I am also hmm at the idea that there would be a better work/life balance in the US, where employees get less holiday and are expected to work long hours and weekends once they are at senior level.

Whoknows - the OP tried that this week and her DH spent it all in two days and then said he needed more.

Chunderella Tue 22-Jan-13 10:34:22

Sorry Koala I wasn't trying to suggest that he'd be open to bribes. Just that if your financial troubles do get worse, which is not impossible if he keeps spending more than he has coming in and doesn't want to stop, his bosses might think he would be. It sounds like his integrity and being seen to be upright, unbiased etc are very important in his line of work. I'm guessing they must do some background tests if he's doing intelligence and security analysis, so they don't end up giving an Al Qaeda mole the job. Or someone who has some dirty secret they could be blackmailed over or anything else that might render them vulnerable in some way. Can you see where I'm coming from?
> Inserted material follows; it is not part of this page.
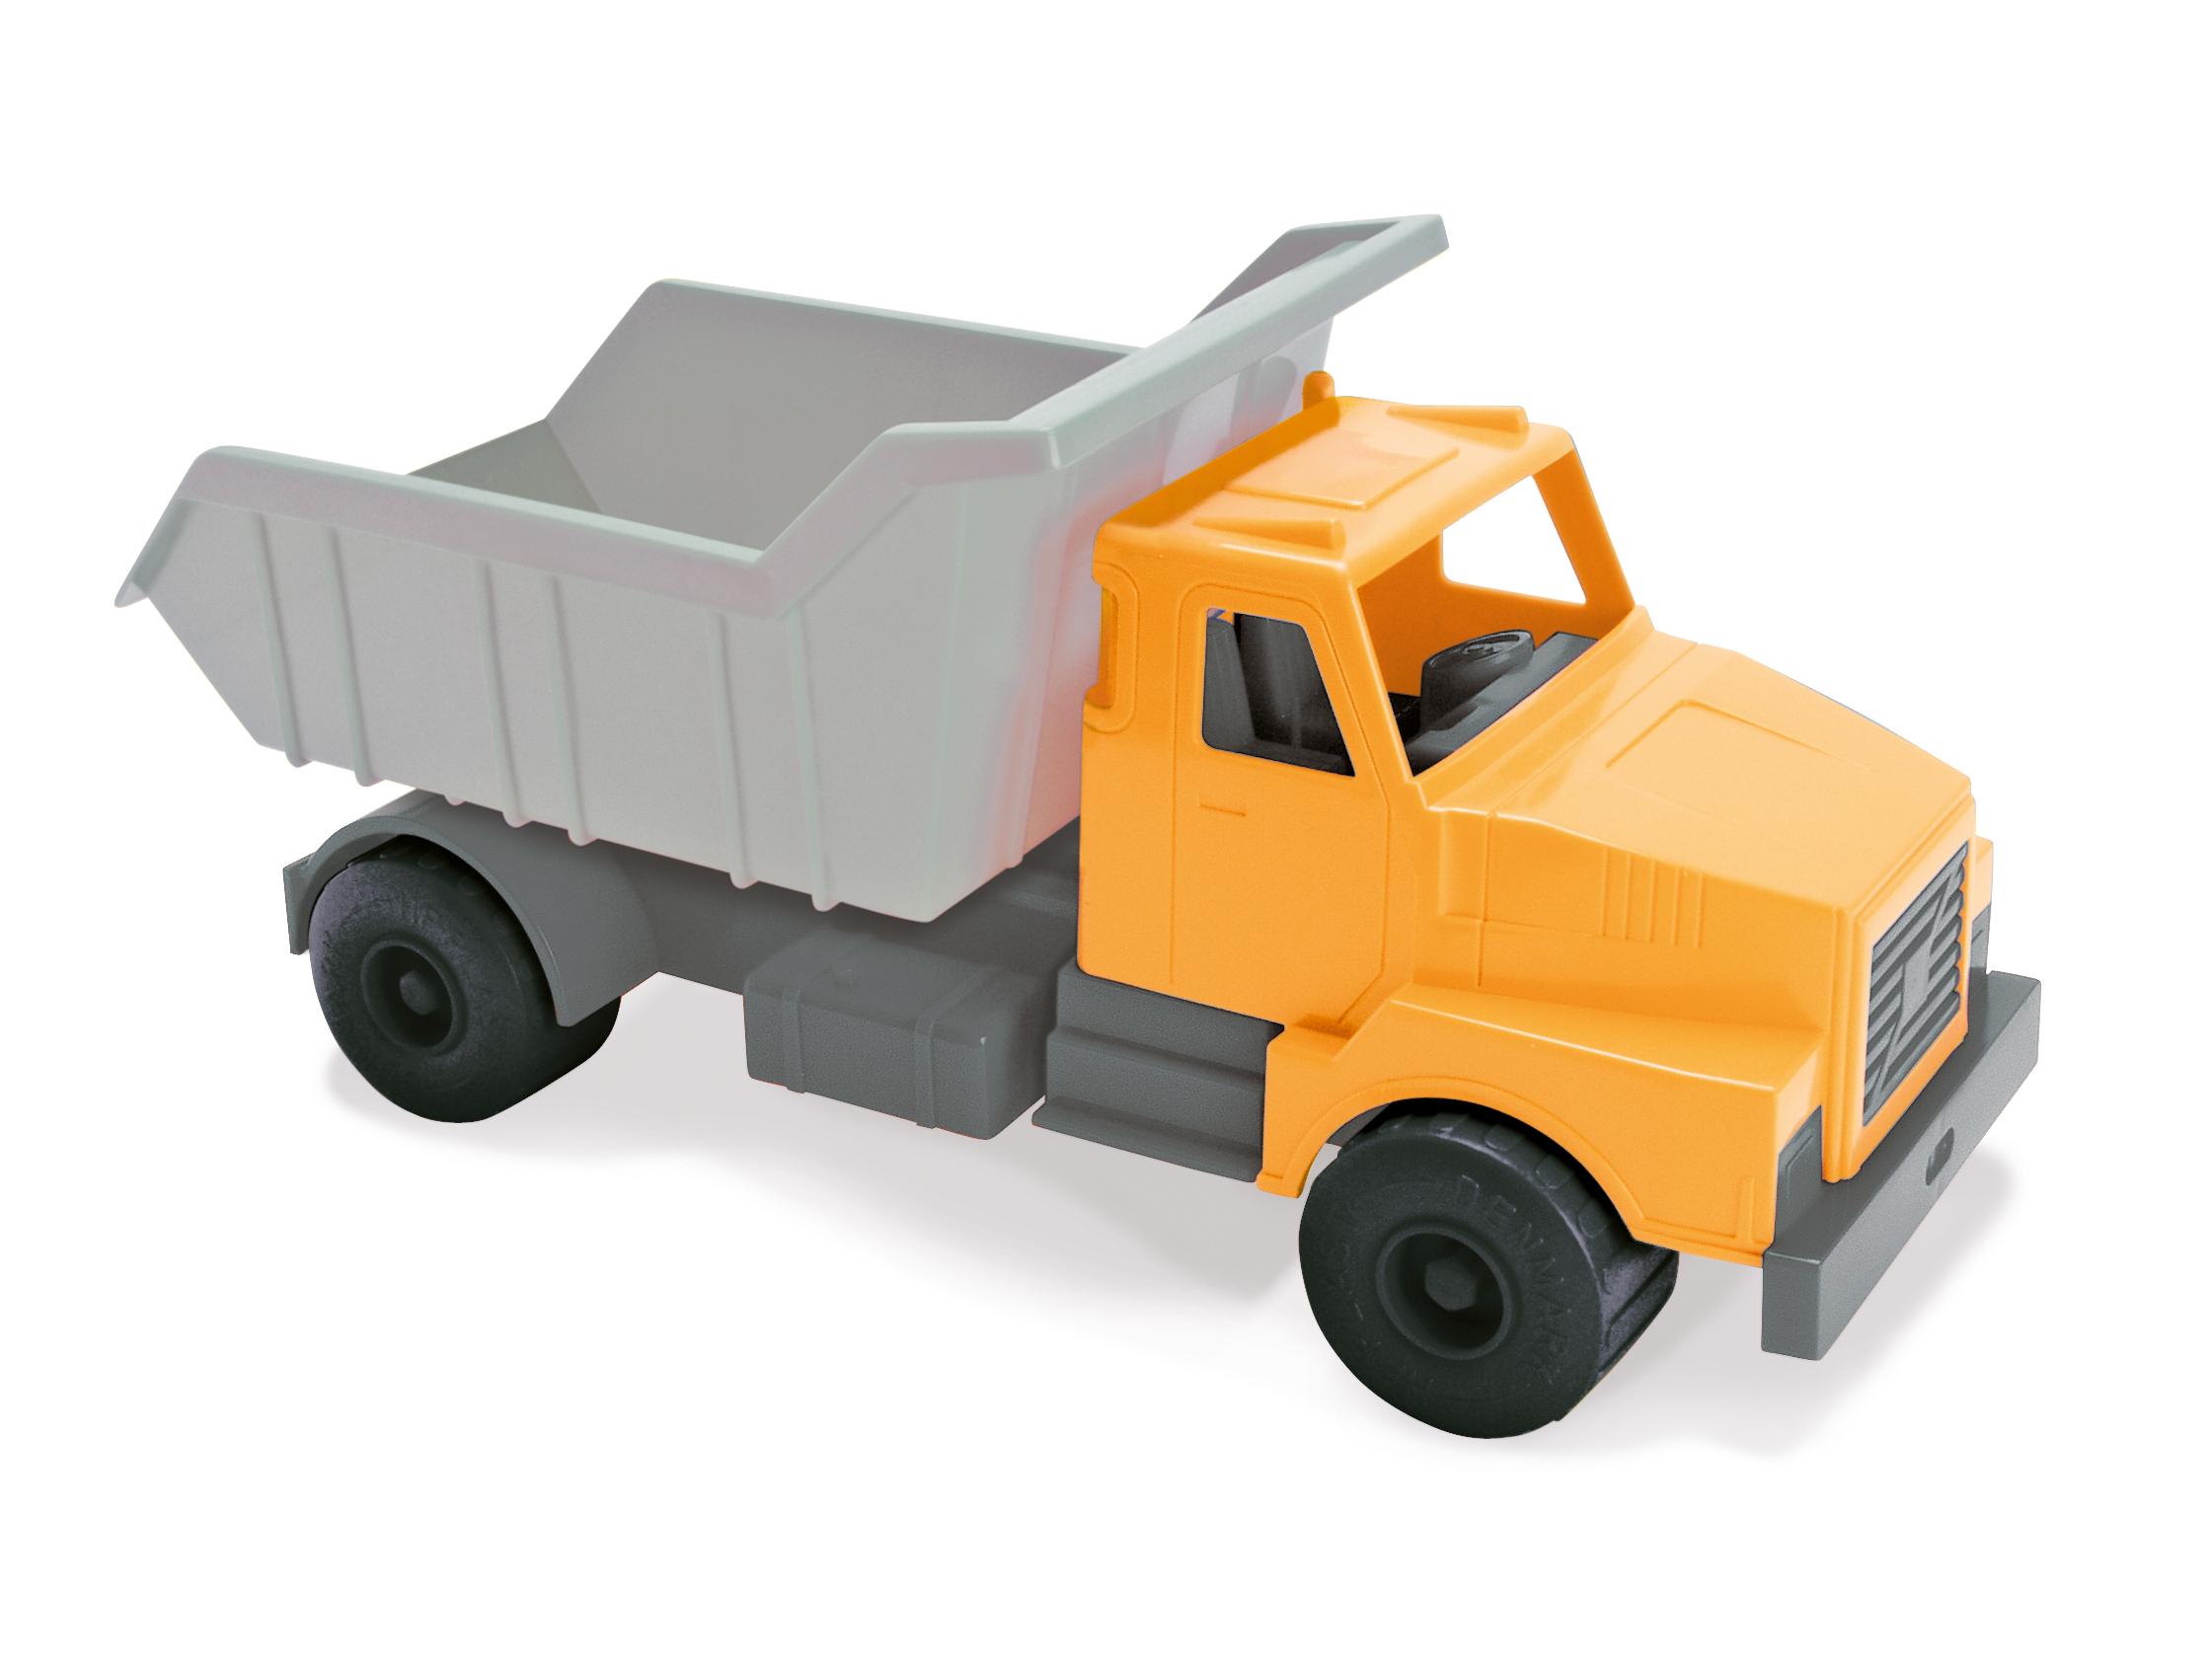 Dantoy - Dumptruck, 45 cm (2235)

You've had some good practical advice in this thread too. At a minimum I would think some tax planning is a good idea if you haven't done it already. I'm guessing you won't get CB now, so you may not have any income of your own at all soon. And do you know how much the OU course that you want to do would cost? it would be a good idea to arm yourself with figures. I agree with AThing that it's a bit convenient that he understands the cost of your training but not of his cakes. It's nice that he wants you painting again but unless you're good enough to potentially make a living out of it (are you?) the priority needs to be employability, not hobbies.